UniteLabs
Guides

Building an ETL

Extract, transform, and load data between lab instruments and external systems using UniteLabs.

This guide walks through building a production-ready ETL pipeline that monitors a LabChip GXII Touch instrument directory, archives raw files to Object Storage, and writes structured records to the Data Warehouse. The same pattern applies to any File System Connector and any instrument type.

Prerequisites

  • A running File System Connector (e.g., "File System (LabChip demo)").
  • datalake-admin and warehouse-admin secrets configured in UniteLabs. See Secrets.
  • Python packages: prefect>=3.0, unitelabs-sdk, sqlmodel, boto3, pandas, asyncpg.

Architecture

The pipeline uses three sequential stages inside a single Prefect @flow:

  1. Reconcile — on startup, compare the connector's current file list against Warehouse records to detect files that were written while the pipeline was offline.
  2. Process backlog — archive and register every reconciled file that has not yet been stored.
  3. Watch in real time — subscribe to change events and process new files as they arrive.
This three-stage pattern ensures no files are skipped even if the workflow was offline when the instrument wrote results.

Define the data model

Define a SourceFiles model to track every file the pipeline has seen.
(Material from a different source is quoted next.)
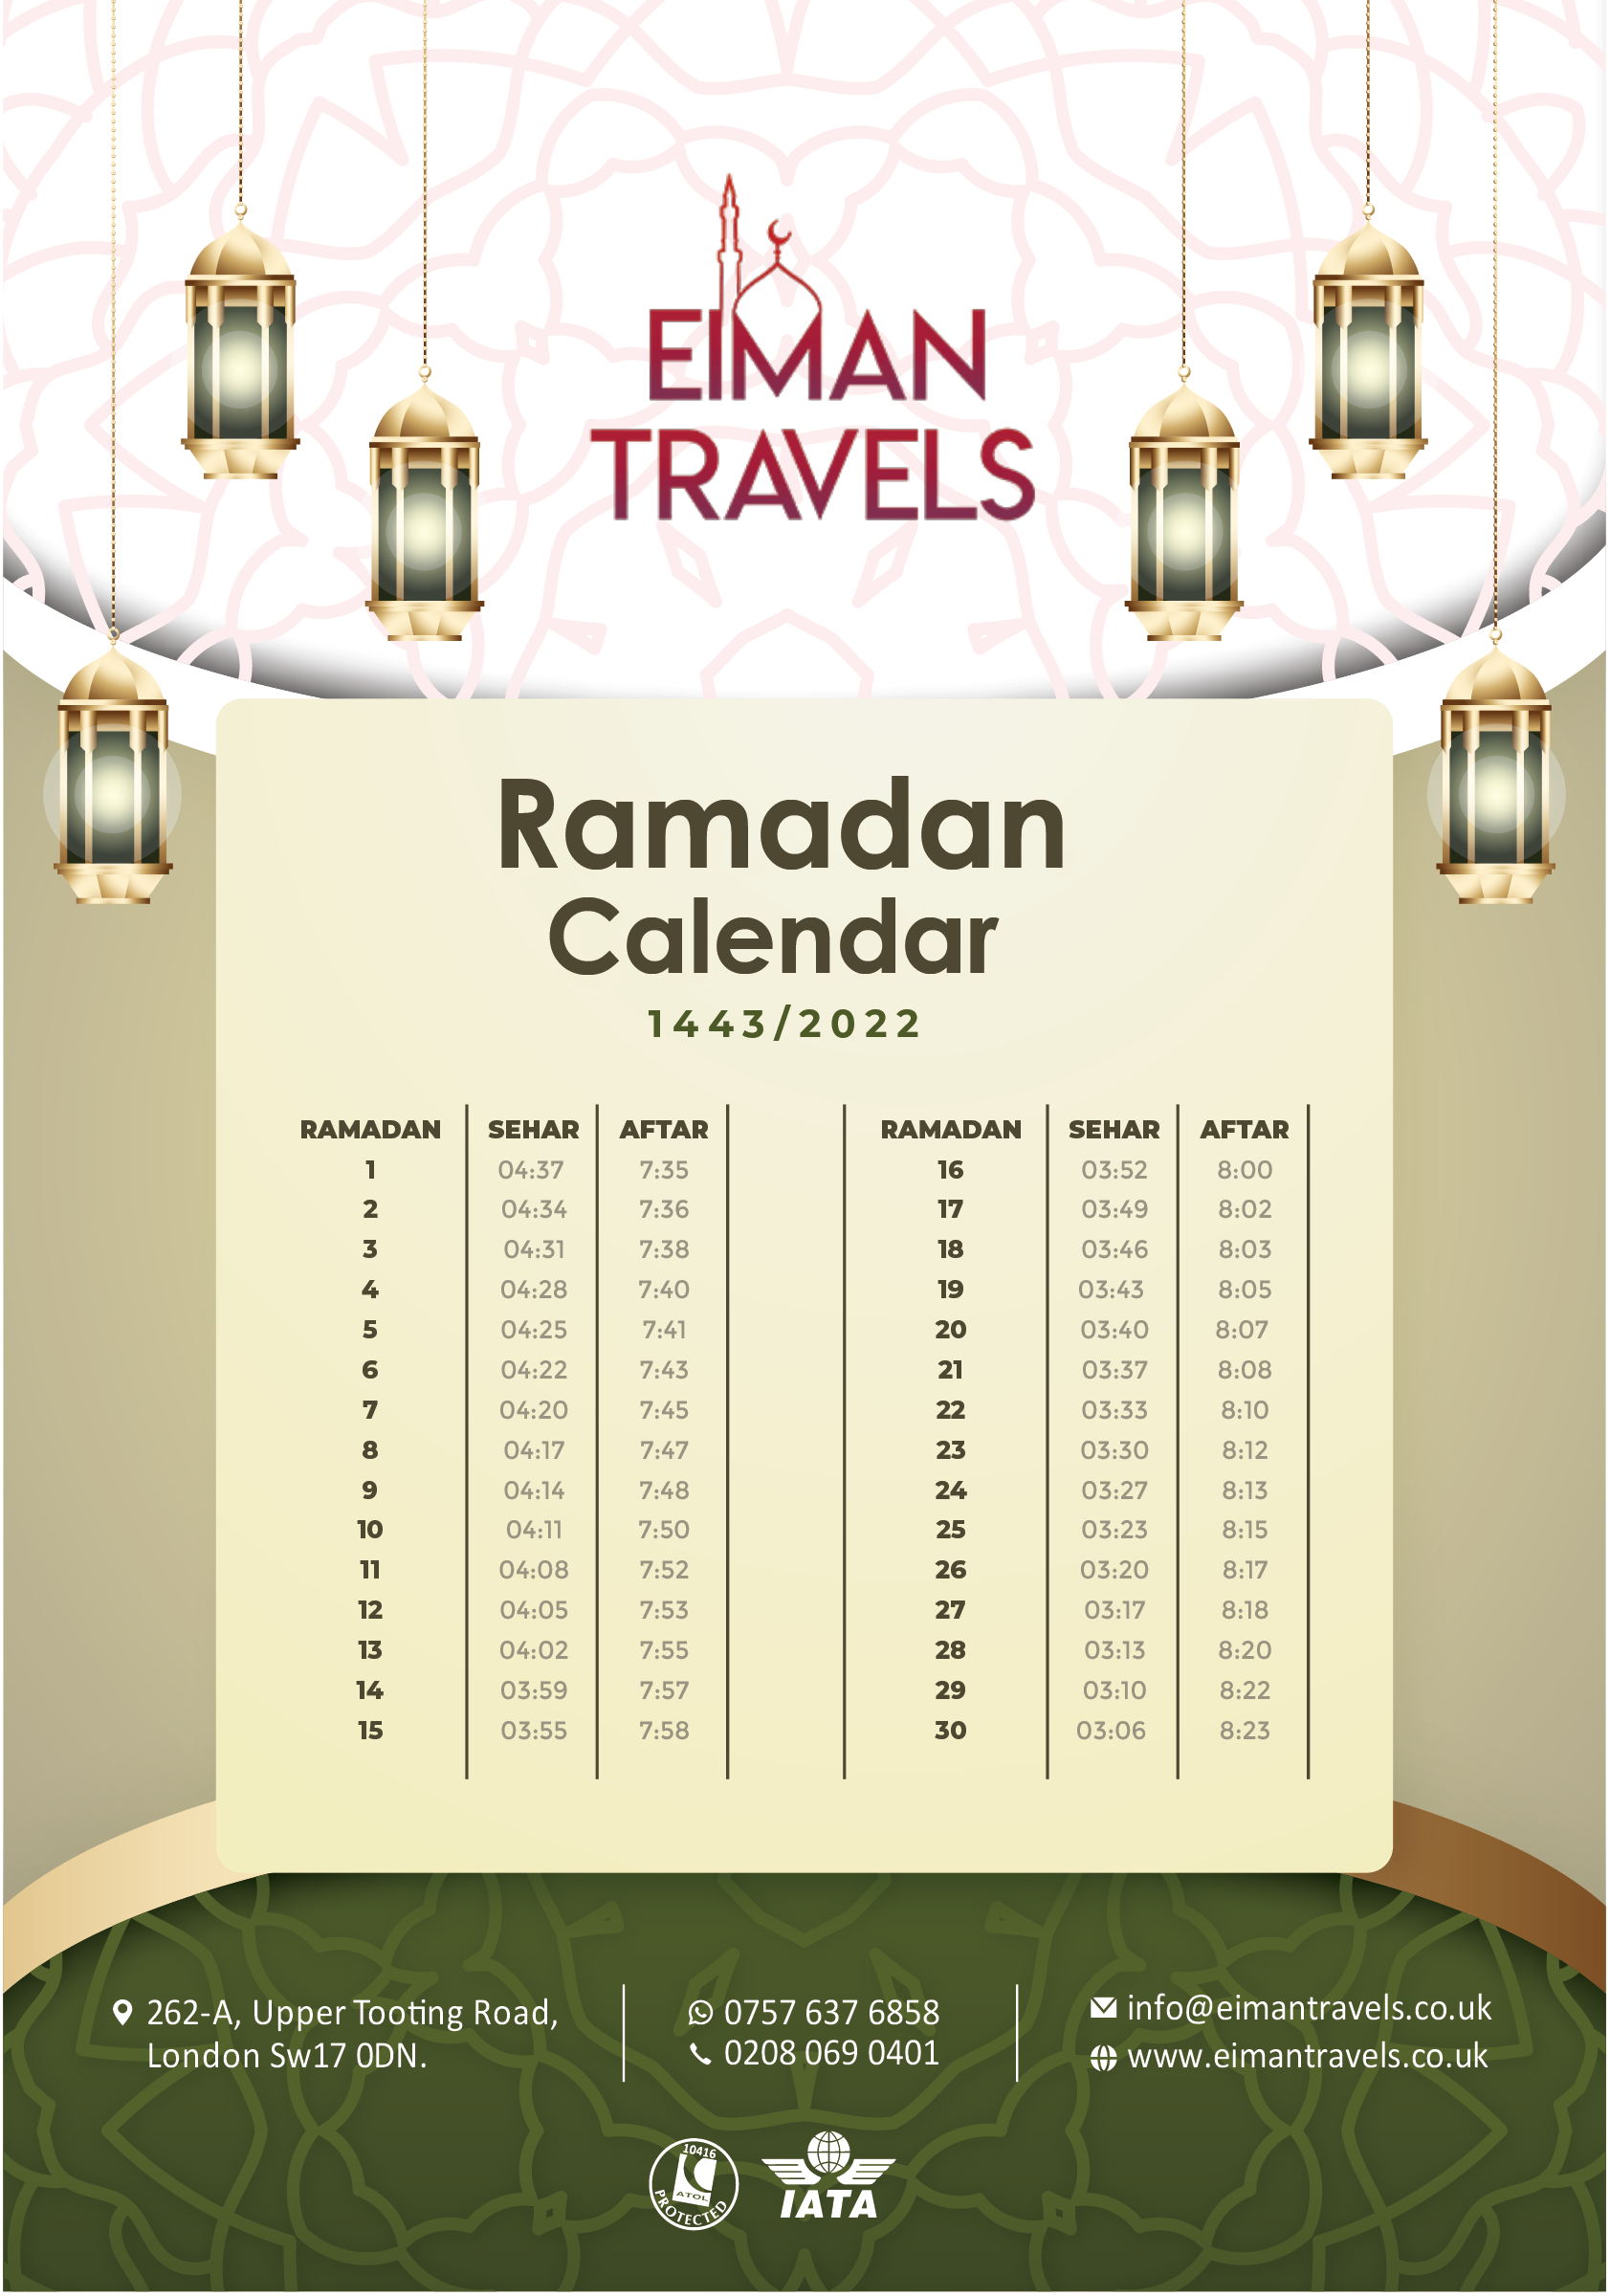 Ramadan timetable for London

Keep it in a shared models.py so both the flow and any query scripts can import it:

models.py
from datetime import datetime
from typing import Any

import sqlalchemy as sa
from sqlmodel import Field, SQLModel


class SourceFiles(SQLModel, table=True):
    __tablename__ = "source_files"

    id: int | None = Field(default=None, primary_key=True)
    file_path: str                          # Original path on the connector
    s3_object_path: str                     # Path inside the S3 bucket
    connector_name: str
    instrument_type: str
    file_metadata: dict[str, Any] | None = Field(
        default=None, sa_type=sa.JSON
    )
    updated_at: datetime

Task: register a source file

Write a single file record to the Warehouse. Using upsert_record with file_path as the conflict key makes the task safe to retry:

from datetime import datetime, timezone
from prefect import task


@task(name="Register Source File")
async def register_source_file_task(
    file_path: str,
    s3_object_path: str,
    connector_name: str,
    instrument_type: str,
    warehouse,
) -> SourceFiles:
    record = SourceFiles(
        file_path=file_path,
        s3_object_path=s3_object_path,
        connector_name=connector_name,
        instrument_type=instrument_type,
        updated_at=datetime.now(tz=timezone.utc),
    )
    await warehouse.upsert_record(record)
    return record

Task: archive to Object Storage

Upload the raw file from the connector directly to S3. The transfer happens on the connector side — no data passes through the workflow host:

from unitelabs.sdk import AsyncApiClient


@task(name="Archive to Object Storage")
async def archive_file_task(
    connector_name: str,
    file_path: str,
    s3_url: str,
) -> str:
    async with AsyncApiClient() as client:
        device = await client.get_service_by_name(connector_name)
        await device.s3_service.upload_file(path=file_path, s3_url=s3_url)
    return s3_url

Task: reconcile missed files

On startup, list all files currently visible to the connector and cross-reference against Warehouse records. Returns only files not yet registered:

@task(name="Reconcile Connector Files")
async def reconcile_connector_files_task(
    connector_name: str,
    instrument_type: str,
    warehouse,
) -> dict:
    async with AsyncApiClient() as client:
        device = await client.get_service_by_name(connector_name)
        whitelist = await device.folder_service.get_folder_whitelist()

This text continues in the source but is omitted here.